Kufor–Rakeb syndrome
| Kufor–Rakeb syndrome | |
|---|---|
| Other names | KRS; Parkinson disease-9 (PARK9) |
| Autosomal recessive is the manner in which this condition is inherited | |
| Causes | Mutations in the ATP13A2 gene |
| Frequency | <50 individuals have been reported |
Kufor–Rakeb syndrome (KRS) is an autosomal recessive disorder of juvenile onset also known as Parkinson disease-9 (PARK9). It is named after Kufr Rakeb in Irbid, Jordan. Kufor–Rakeb syndrome was first identified in this region in Jordan with a Jordanian couple's 5 children who had rigidity, mask-like face, and bradykinesia. The disease was first described in 1994 by Najim Al-Din et al. The OMIM number is 606693.
Less than 50 individuals have been reported to have KRS. Typically, rapid onset of symptoms occurs between the ages of 12 and 16. It is important to conduct genetic testing to screen family members, so the disease can be detected early and symptoms can be managed.

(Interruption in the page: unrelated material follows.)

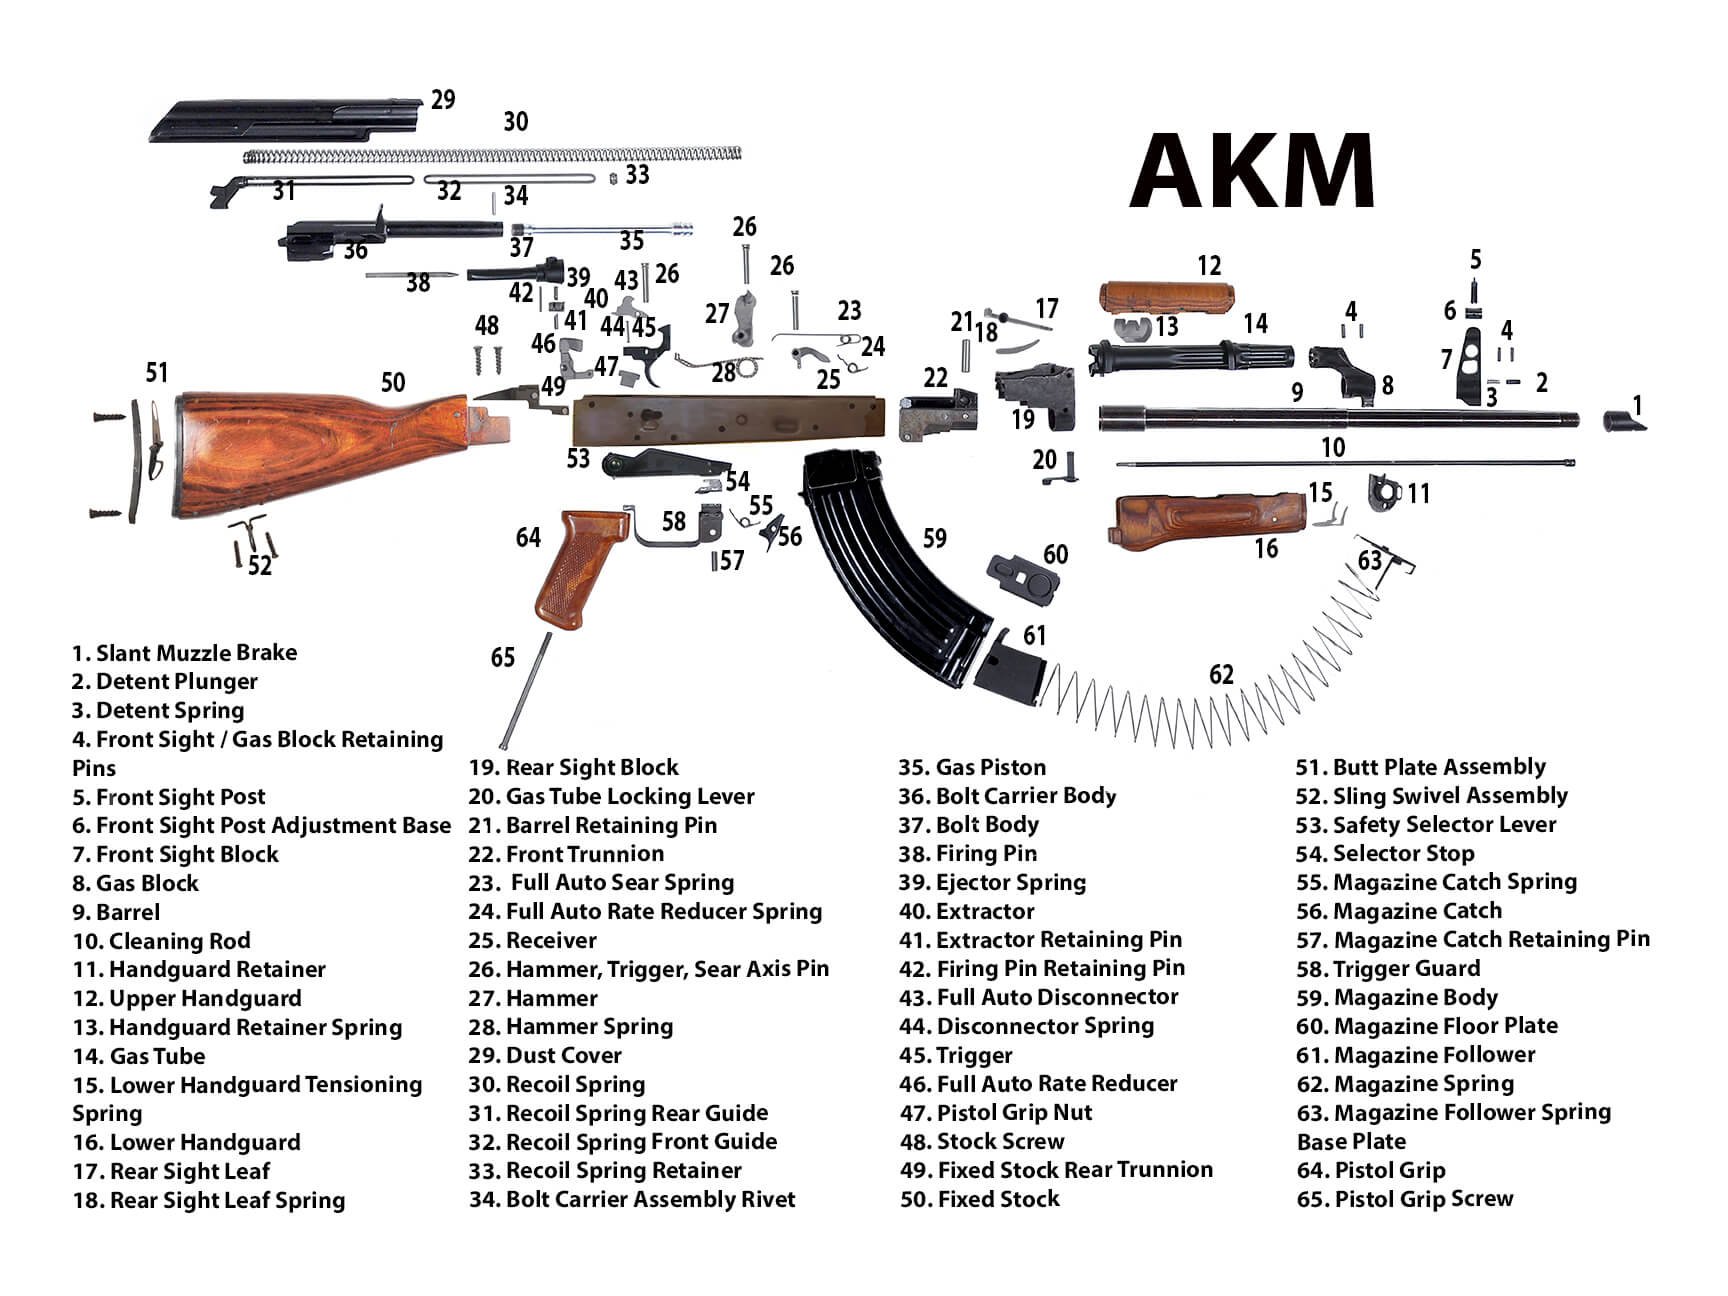 gun, Weapon, Guns, Weapons, Rifle, Military, Machine, Assault, Police, Swat Wallpaper
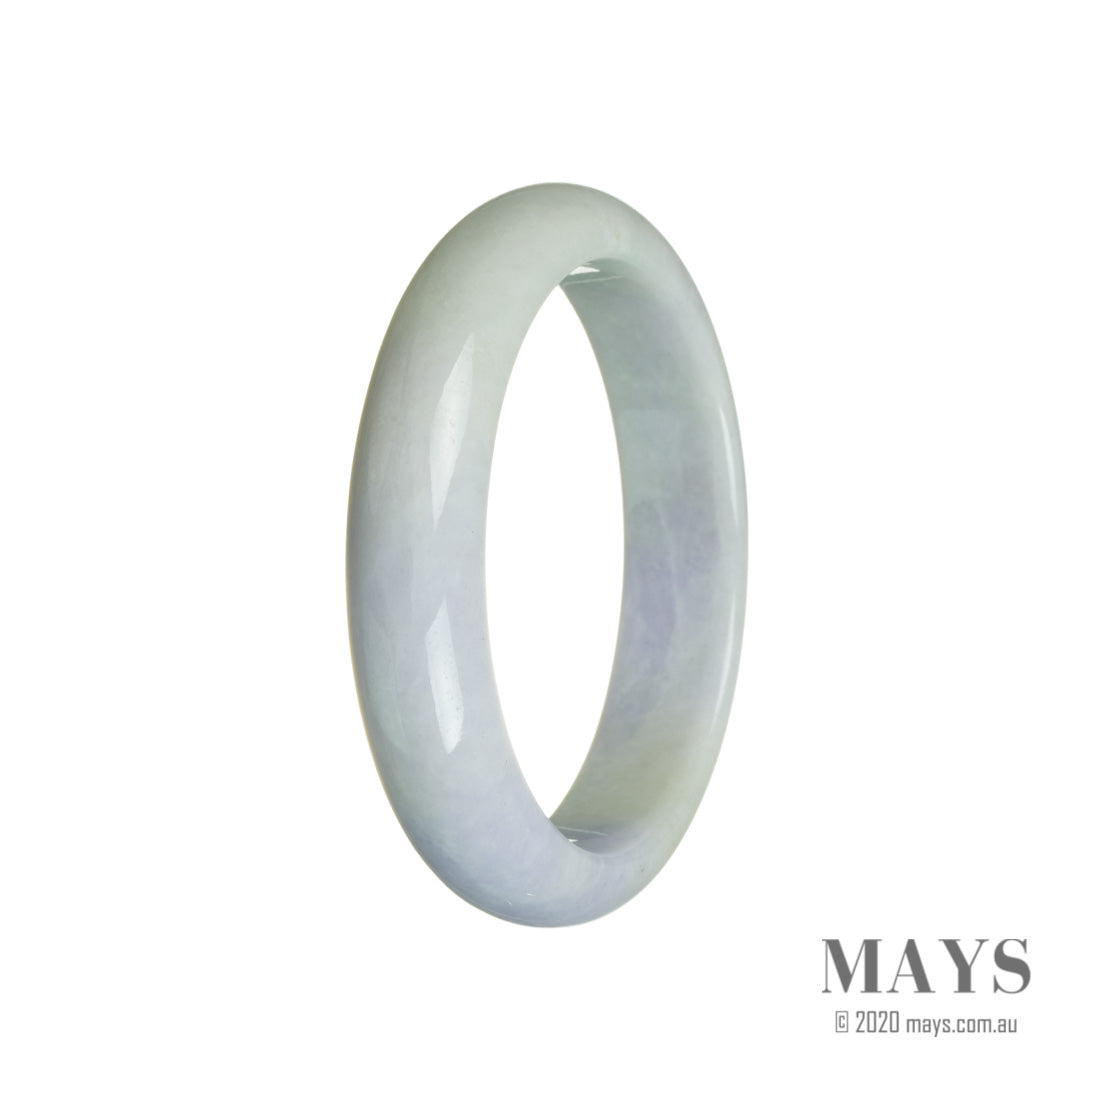 A lavender and green Burma Jade bangle bracelet with a half moon shape, certified Grade A.

ATP13A2 gene mutations are associated with Kufor–Rakeb syndrome, first identified in 2010. This syndrome is identified to have a compound heterozygous or homozygous mutation in the ATP13A2 gene. This mutation is located on chromosome 1 and codes for a lysosomal type 5 ATPase. Patients have been identified to have iron in their basal ganglia evident on MRI scans, which has led it to be included as a type of neurodegeneration with brain iron accumulation disorder.
There are no current disease-modifying treatments so treatment focusses on improving symptoms and supportive therapies.